Dismiss Notice
Join Physics Forums Today!
The friendliest, high quality science and math community on the planet! Everyone who loves science is here!

Satellite orbits

  1. Sep 20, 2004 #1
    Hi people, could someone please help with these:

    On 19th June 1981, an experimental meterological satellite of mass m=700kg, was placed in a geostationary orbit using the launch vehicle Ariane.

    i. The radius of the geostationary orbit given that the period of revolution of the satellite is 23h 56m.

    ii. The linear speed of such a satellite.

    iii.The energy required to move the satellite from the surface of the Earth into the geostationary orbit.

    Thanks a lot
  2. jcsd
  3. Sep 20, 2004 #2


    User Avatar
    Science Advisor
    Homework Helper

    What have you done so far with the problems?
  4. Sep 21, 2004 #3
    I used Kepler's law that the cube of the radius of the Earth is proportional to the time of orbit's square, I hope this will work, knowing g=9.8Nkg-1, the mass of the satellite 700kg, the orbit period 86160s and the radius of the Earth 6.37 *10^6. I got an answer of 4.2 *10^7 m. Can someone verify this please?

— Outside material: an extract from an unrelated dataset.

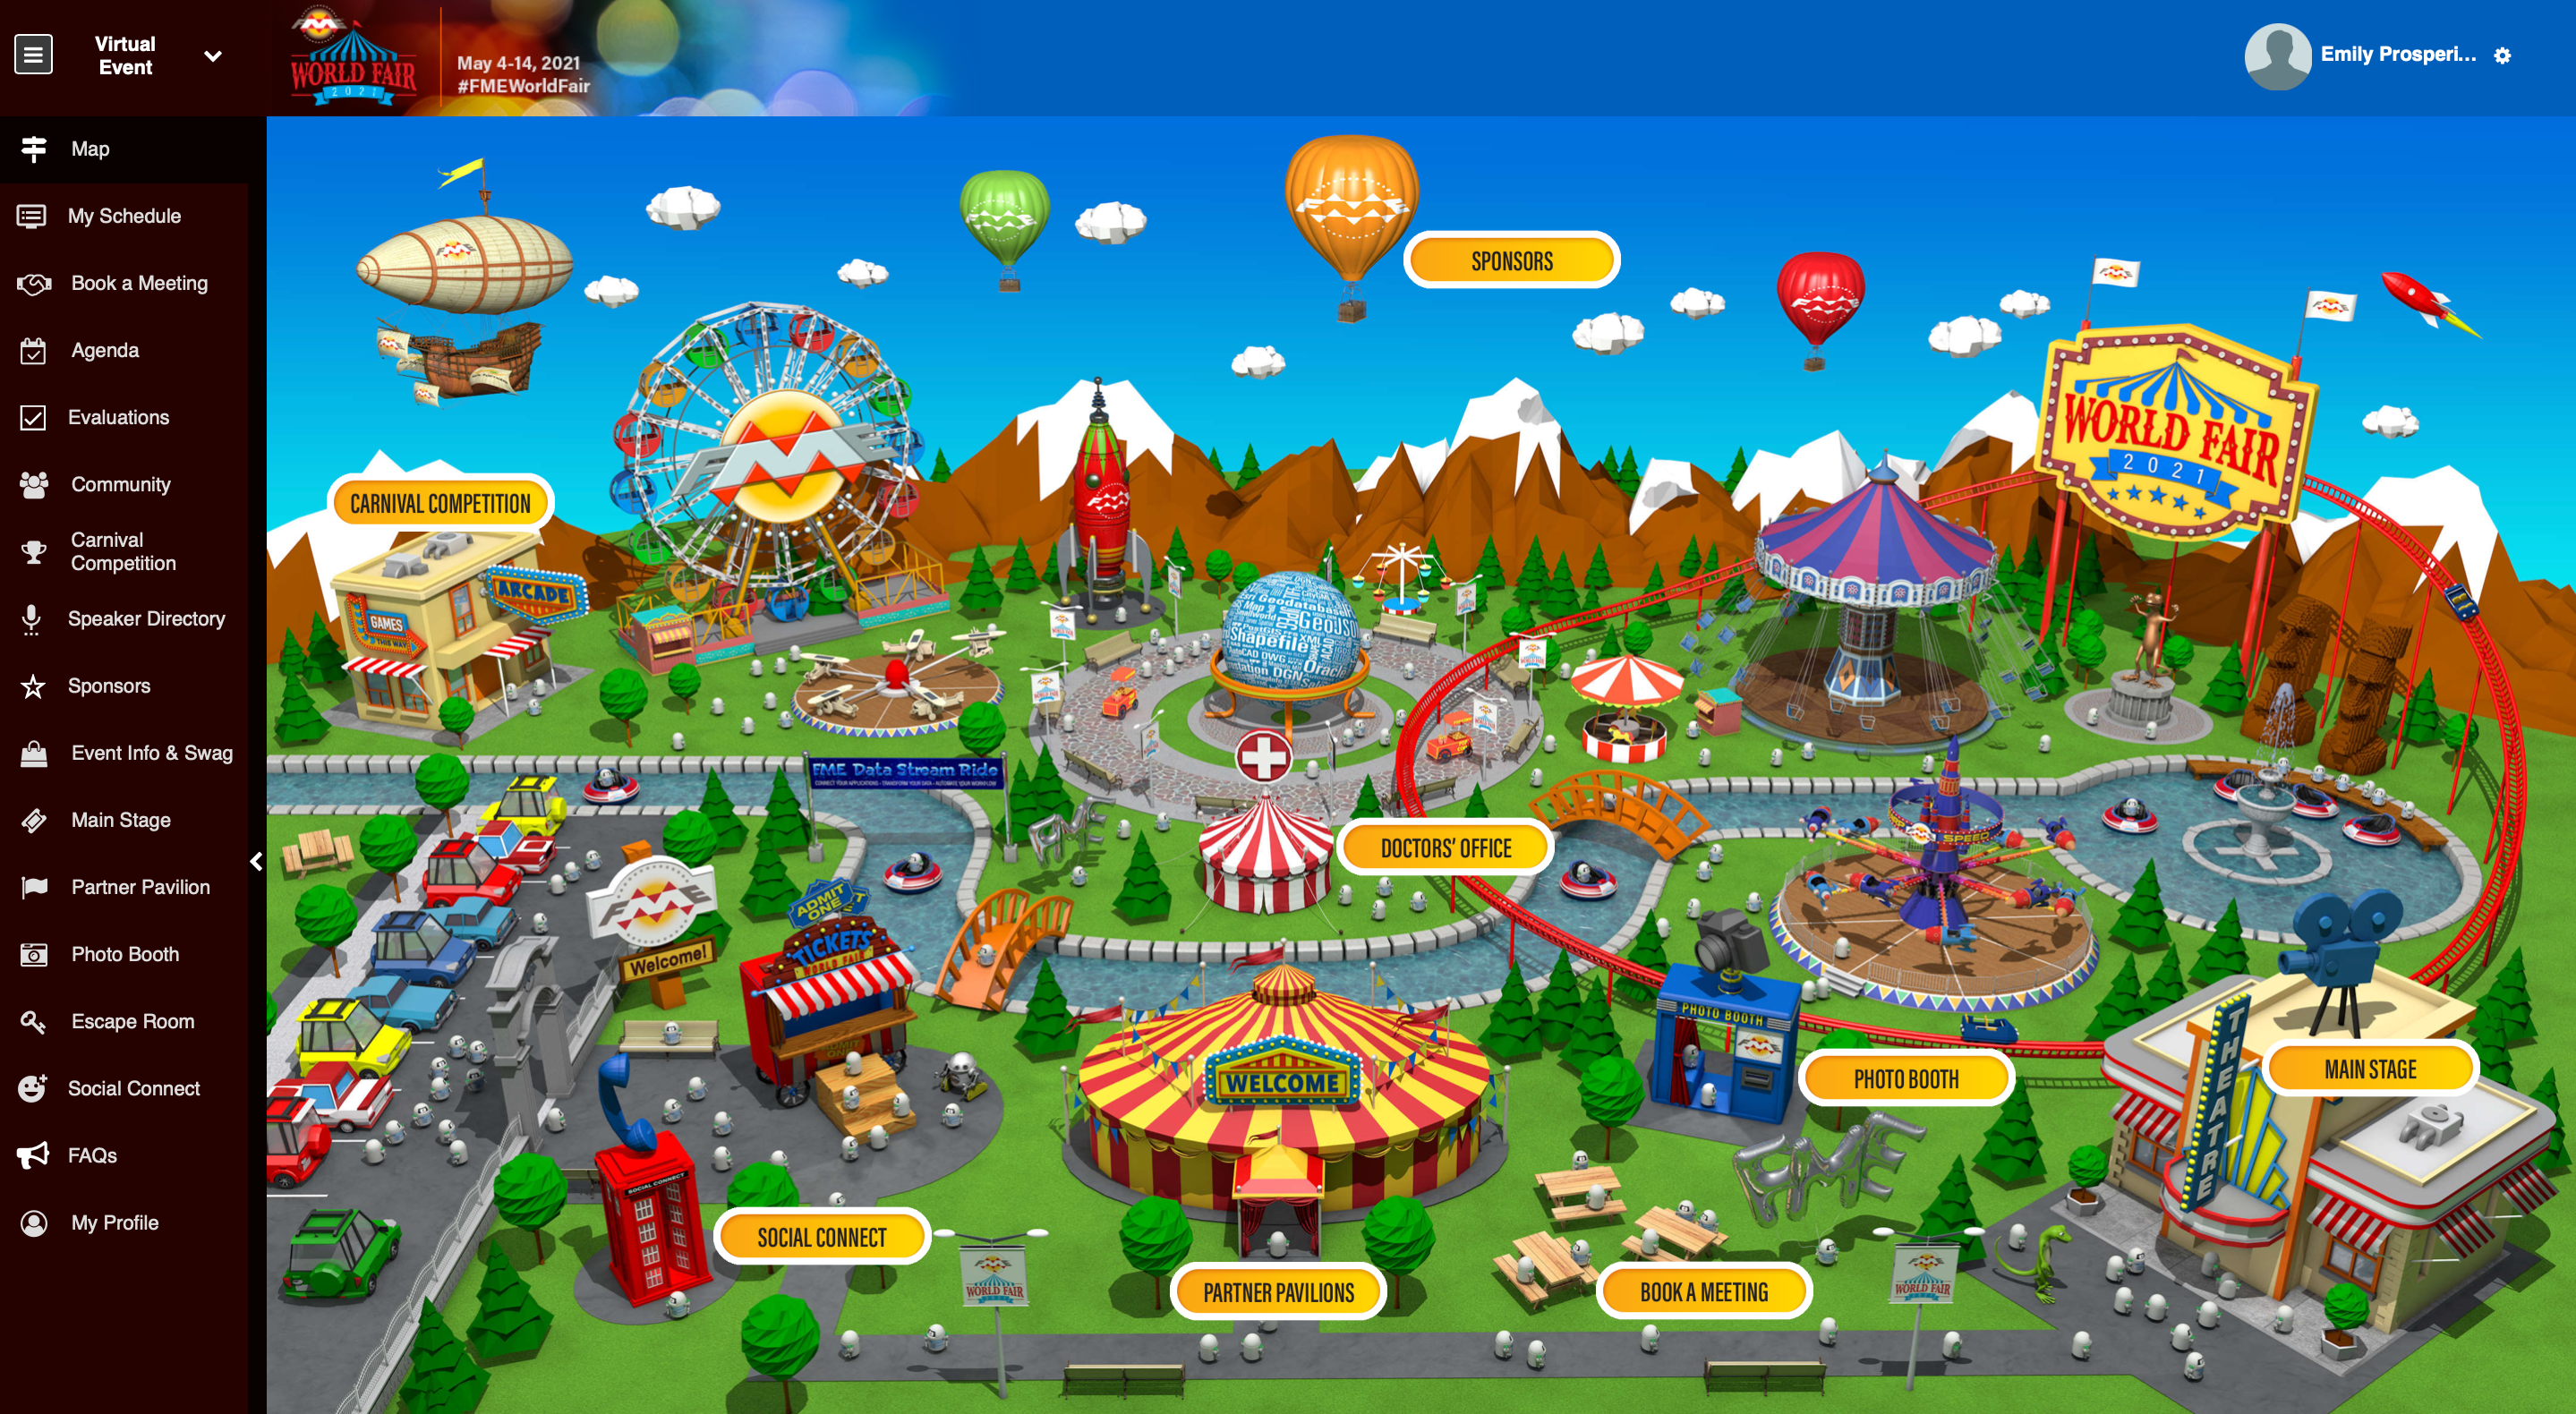 How FME World Fair - a Virtual Event - looks!

    Then for part 2 I used the formula v=(g*R^2/r)^1/2 with r as the radius of the orbit and R as the radius of the Earth, g equals 9.8Nkg-1. I got 3072.3 ms-1, is this correct?

    To put this satellite in orbit I used Ek=(mv^2)/2 to get 3.3*10^9 J.

    I'd be grateful if you could check these values. Cheers
  5. Sep 21, 2004 #4


    User Avatar
    Science Advisor
    Homework Helper

    For the second part, if you know the radius of the orbit then you know the distance it travels in 1 day (circumference of the circle) so just divide by the number of seconds to get the speed. You can use this to check your answer!

    To put the satellite into orbit you also should consider the work done against gravity to lift the satellite. You might also want to consider the initial kinetic energy of the satellite before launch due to the rotation of the Earth.